Developing nations urged rich nations at UN climate talks this week to raise aid despite the financial crisis to help the poor cope with global warming and safeguard tropical forests. The UN’s top climate official said the Dec.1-12 meeting of 10,700 delegates had started well as the half-way point in negotiations to agree a new climate treaty by the end of 2009 in Copenhagen. Developing nations say they will need billions of dollars to help them combat warming and adapt to changes such as droughts, floods, more powerful cyclones and rising seas. Rich nations say they will help, but have made few pledges.
The death toll from Zimbabwe’s worst recorded cholera epidemic has risen to nearly 500, the World Health Organization (WHO) said on Dec. 2, in a sign of the rapidly deepening crisis. The spread of cholera, normally a preventable and treatable disease, highlights the collapse in the once relatively prosperous African nation, where President Robert Mugabe and the opposition are squabbling over how to implement a power-sharing agreement. Opposition leader Morgan Tsvangirai’s party said talks on the unity government would resume in two weeks. Mugabe’s chief negotiator, Justice Minister Patrick Chinamasa, made no comment.
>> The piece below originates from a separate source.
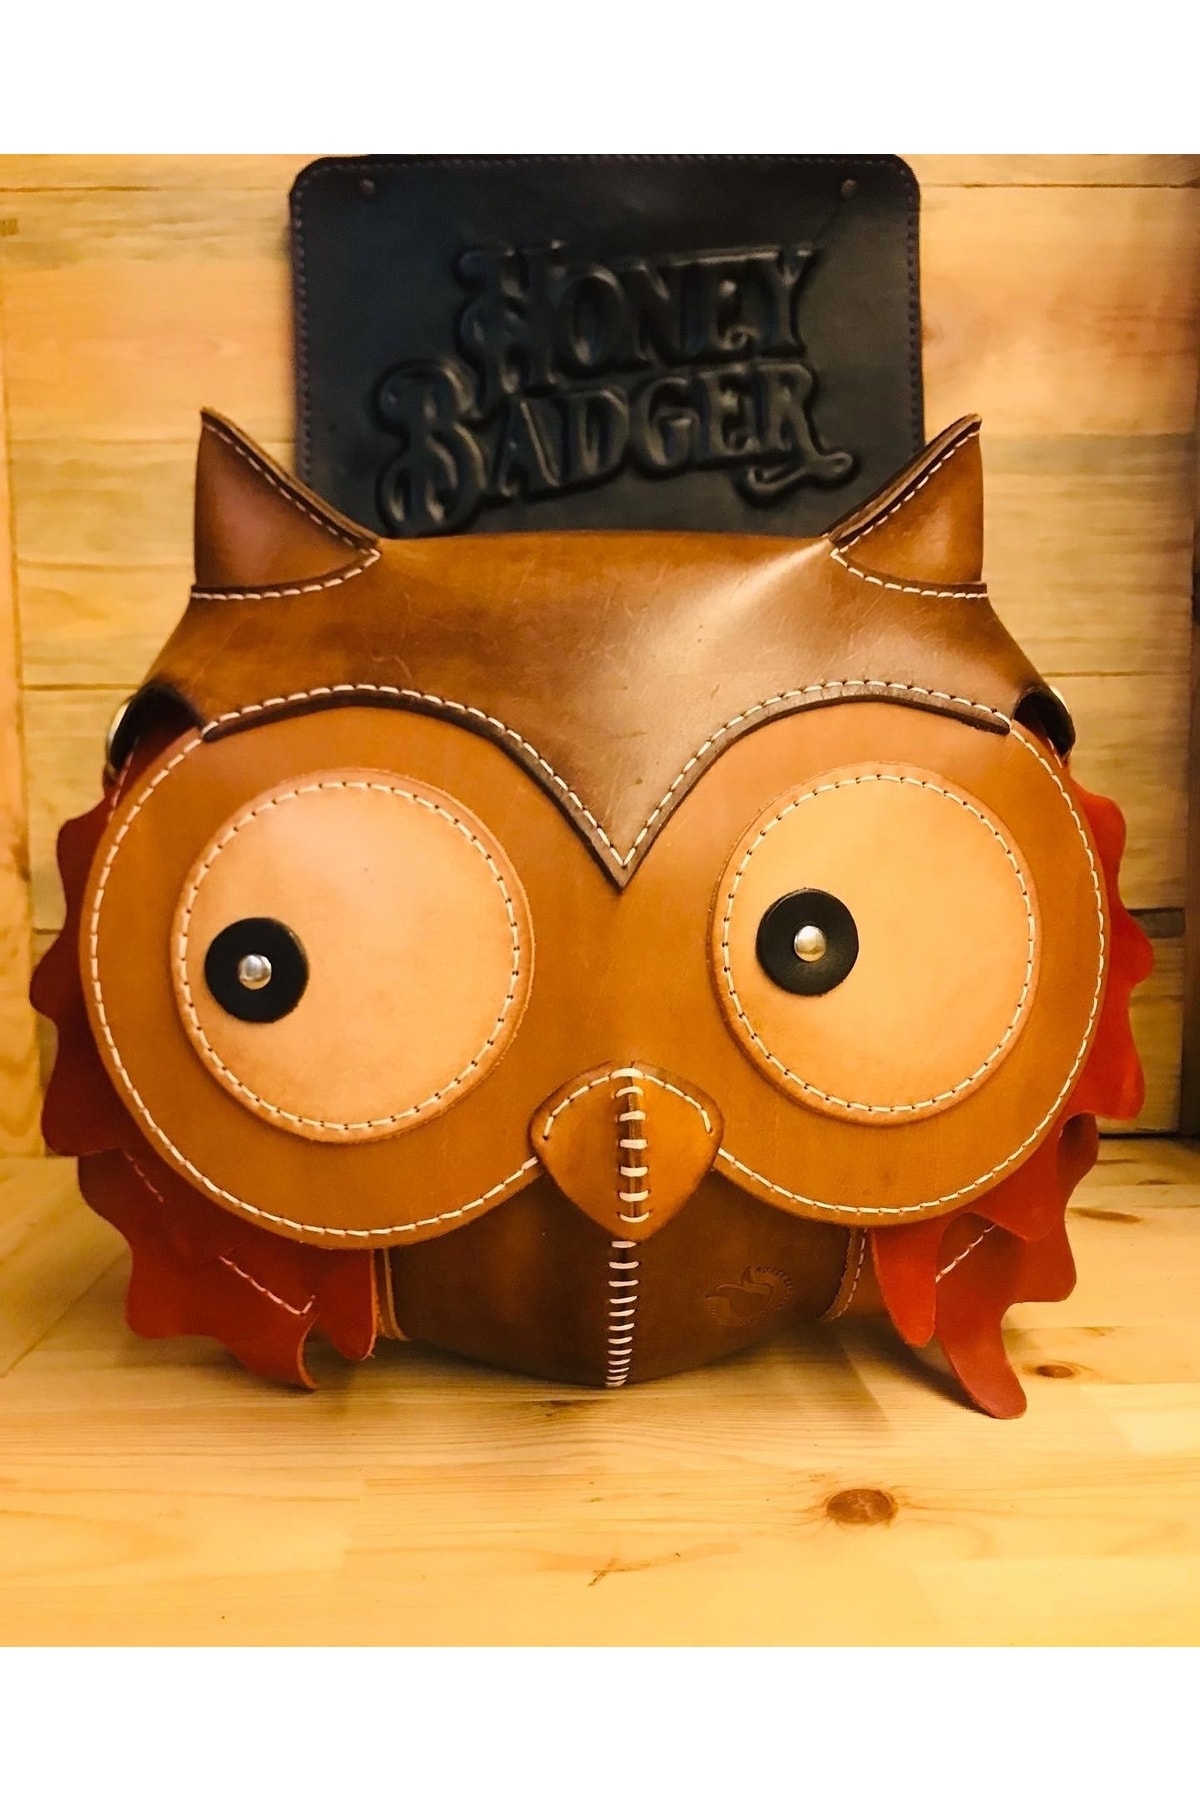 Honey Badger Leather El Yapımı Deri Baykuş Postacı Çantası (owl Leather Bag)

An independent United Nations human rights expert voiced his deep concern over the diminishing freedom of expression and association in Burundi, warning that violations of these freedoms imperil the rule of law in the African Great Lakes country. In recent weeks, several journalists, political opponents and representatives of civil society and trade unions have been intimidated and harassed while exercising these basic rights, according to Akich Okola, the Independent Expert on the situation of human rights in Burundi. He is calling for the immediate release of those who have been arrested.
Nigeria’s leading anti-corruption campaigner has in recent weeks been subject to an escalating campaign of harassment, threats, and an apparent attempt on his life, Human Rights Watch (HRW) said Dec. 3. The watchdog group called on the Nigerian government to protect the campaigner, Nuhu Ribadu, former chairman of Nigeria’s Economic and Financial Crimes Commission (EFCC). In an interview with HRW in Nigeria, Ribadu, a long-serving police official, said he feared for his life and believed the threats against him – including shots fired at him in late September and telephoned death threats – were linked to his work at the EFCC.
Environmental degradation, responsible for the dangerous displacement of sand dunes in Mauritania, has wiped out homes, livestock and livelihoods throughout the desert country. An October UN study estimated that land degradation costs nearly USD 200 million annually in potential revenue losses and health care expenses. UN researchers calculated the value of lost cultivable land, disappearing trees and water sources, along with the health care expenses from respiratory and waterborne illnesses related to the poor management of natural resources. The final estimated price tag: 14 percent of the government budget is swallowed up by environmental degradation, or about USD 192 million.